Clinton was sworn in as secretary of state — destroys any doubt that
Mrs. Clinton and her accomplices were aware that they were keeping her
e-mails “off the grid.” It discusses — in clear language — the plan to
allow “email be accessed remotely through the web using a non-DOS
[Department of State] computer” and to set up another office unconnected
to the government network “for HRC so she can go across hall regularly
to check her email.”

Given all of this, it is no wonder that congressional investigators
have found “irregularities” in the FBI investigation that claimed
Clinton did not intend to break the law.

Those investigators have also discovered more evidence that Comey’s
FBI had already decided to exonerate Clinton even before the
investigation was complete. The Hill reported:

Some
Republicans on the committee say the findings and revelations have left
them more convinced than ever that FBI leadership rigged the outcome to
clear Clinton.

Matt Gaetz (R-Fla.) — who serves on the House Judiciary Committee —
said, “This was an effort to pre-bake the cake, pre-bake the outcome.”
His comment was prompted by revelations that Comey had already begun
drafting his report recommending against indictment before FBI
investigators had interviewed more than a dozen key witnesses including
Clinton herself and the computer firm employee who used the open-source
program (Bleachbit) to permanently wipe the private server before
Clinton turned it over to investigators.
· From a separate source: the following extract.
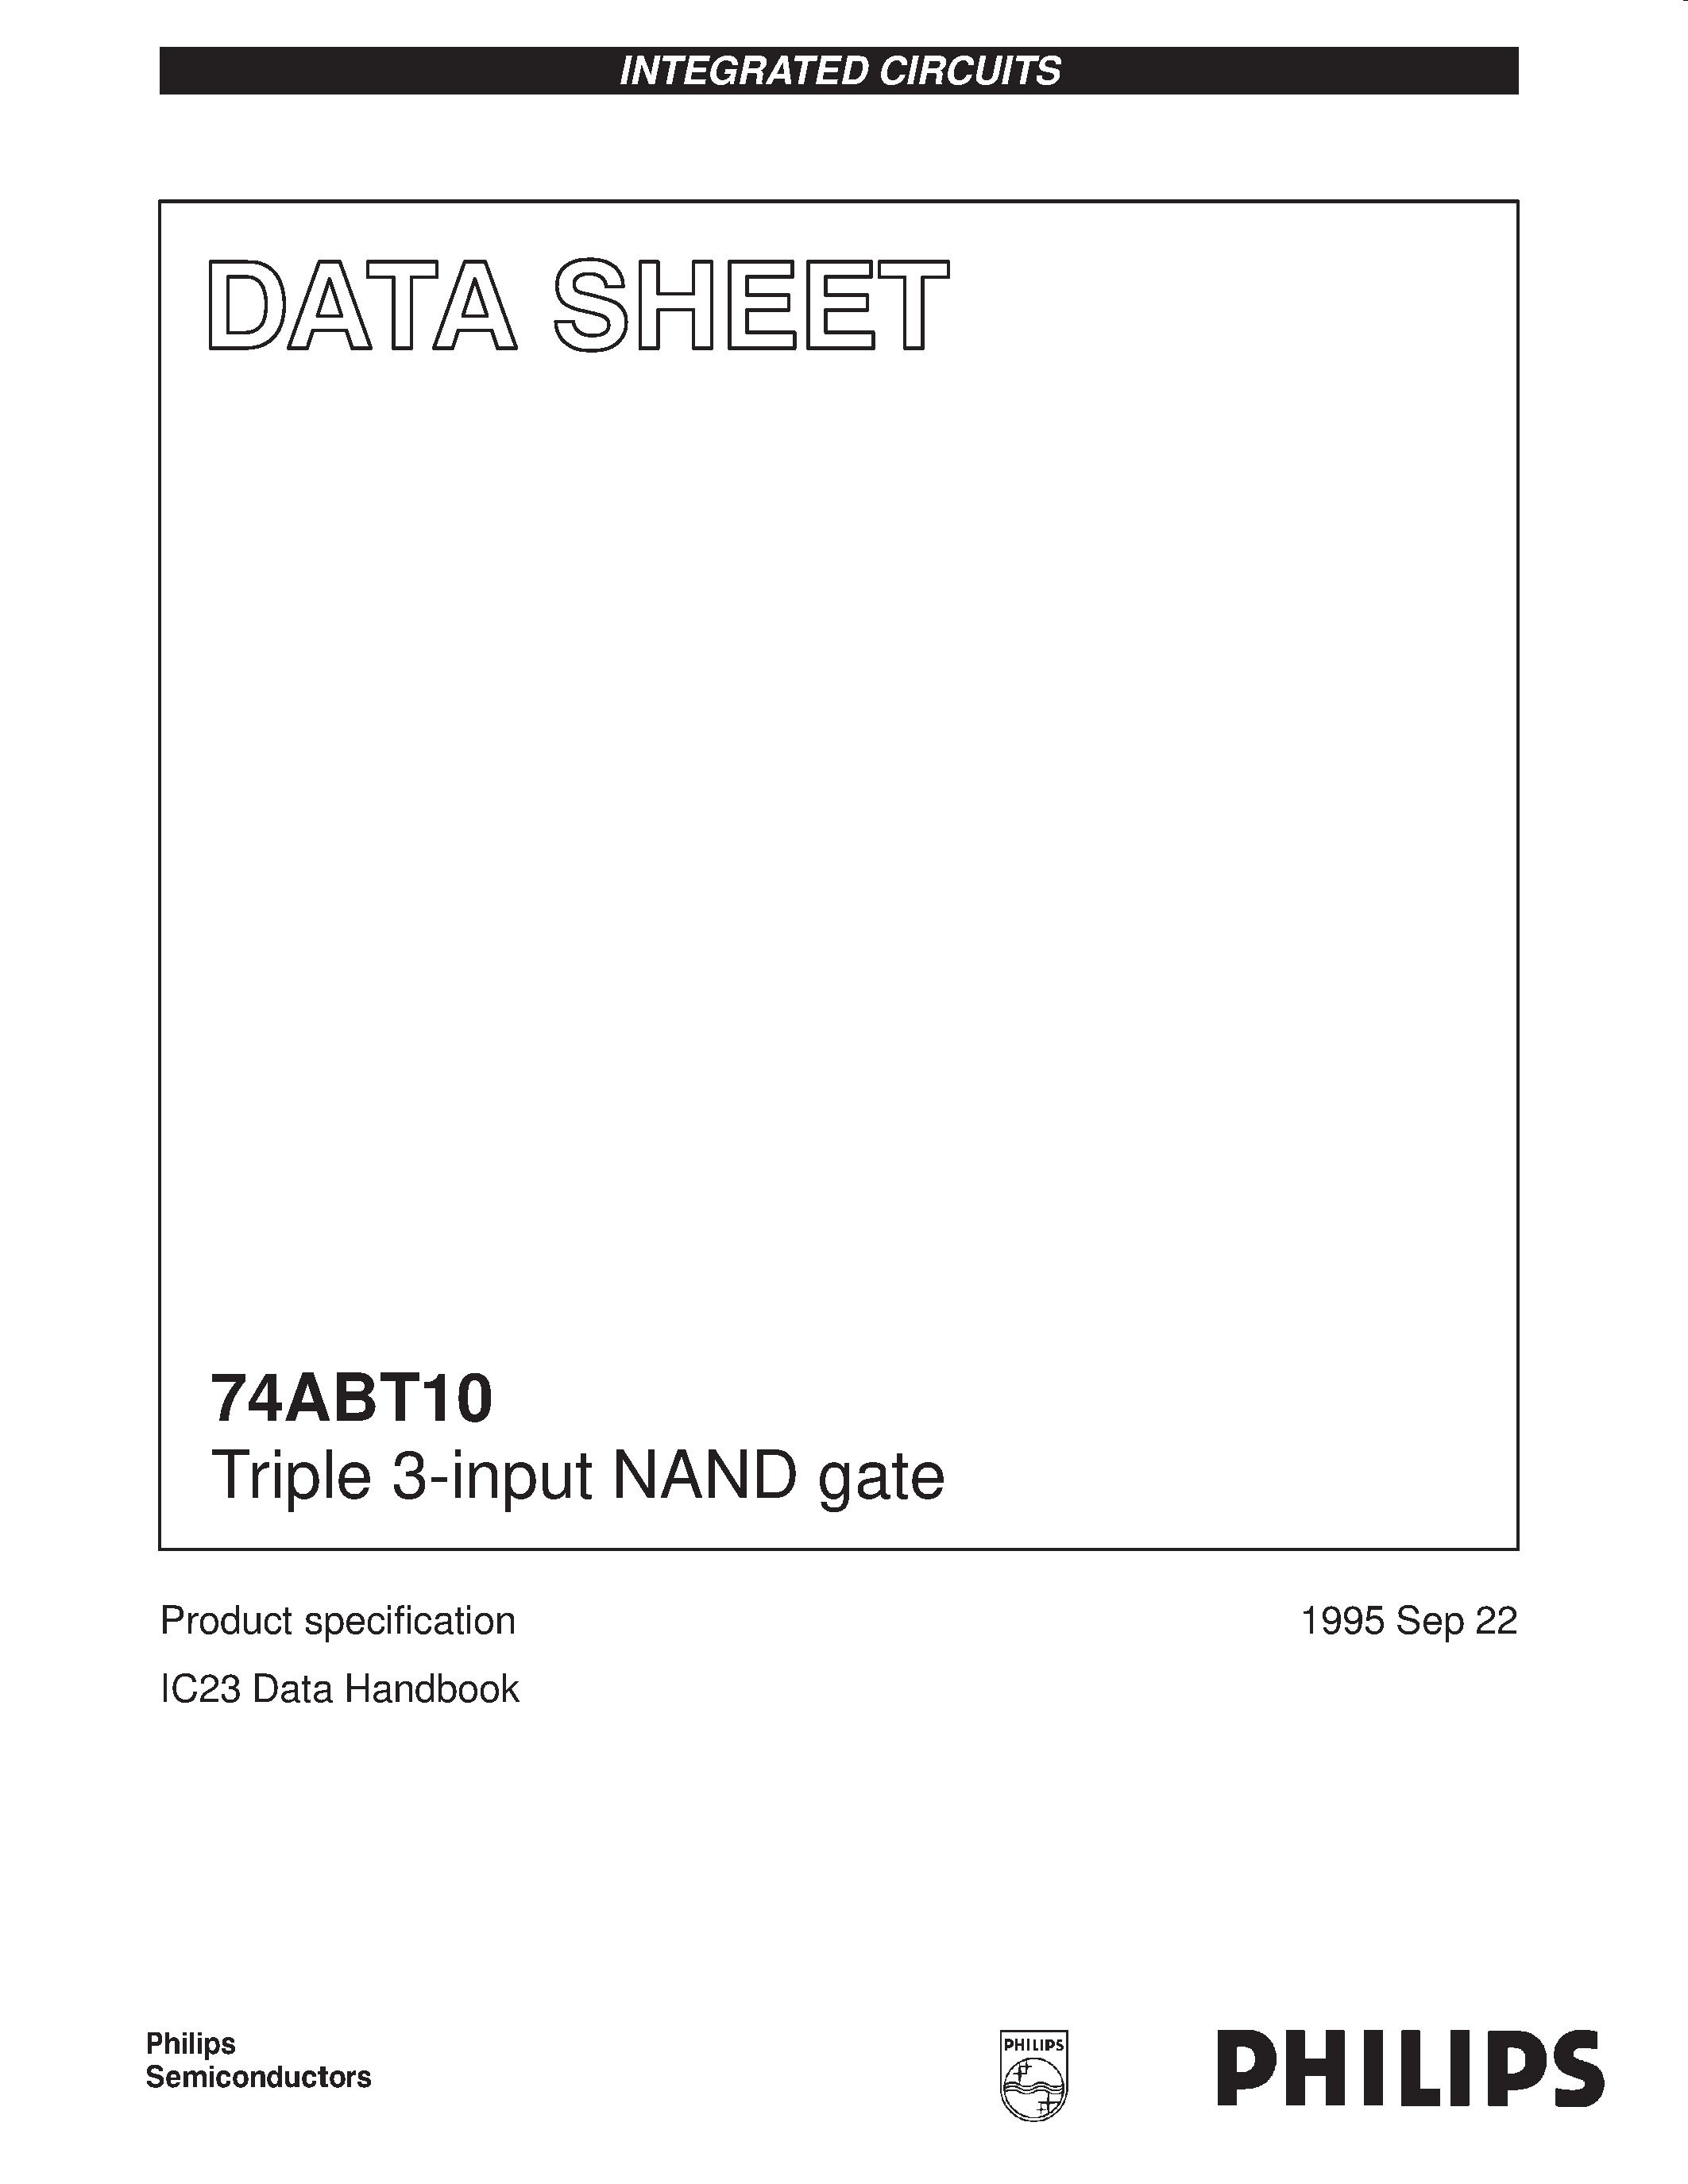 Даташит 74ABT10N - Triple 3-input NAND gate страница 1

Gaetz’s analogy of pre-baking a
cake is spot on; in this case, the cake was taken out of the oven and
served before all of the ingredients were even assembled.

Senate Judiciary Committee Charles (Chuck) Grassley (R-Iowa) is equally critical of the FBI’s handling of the case. The Hill quoted Grassley as saying:

Making a conclusion before you interview
key fact witnesses and the subject herself violates the very premise of
good investigation. You don’t lock into a theory until you have the
facts. Here the evidence that isn’t public yet shows they locked into
the theory and then edited out the facts that contradicted it.

While the investigation continues, the
Justice Department inspector general “is expected to release initial
findings” in the case in the first quarter of 2018, according to The Hill.
That probe has also been looking into “whether agents and supervisors
had political connections, ethical conflicts or biases that affected
their work.”

Any way you slice it, the Clinton e-mail scandal is not going away
any time soon. And before it is over Clinton and those who helped and
protected her may have to face the music.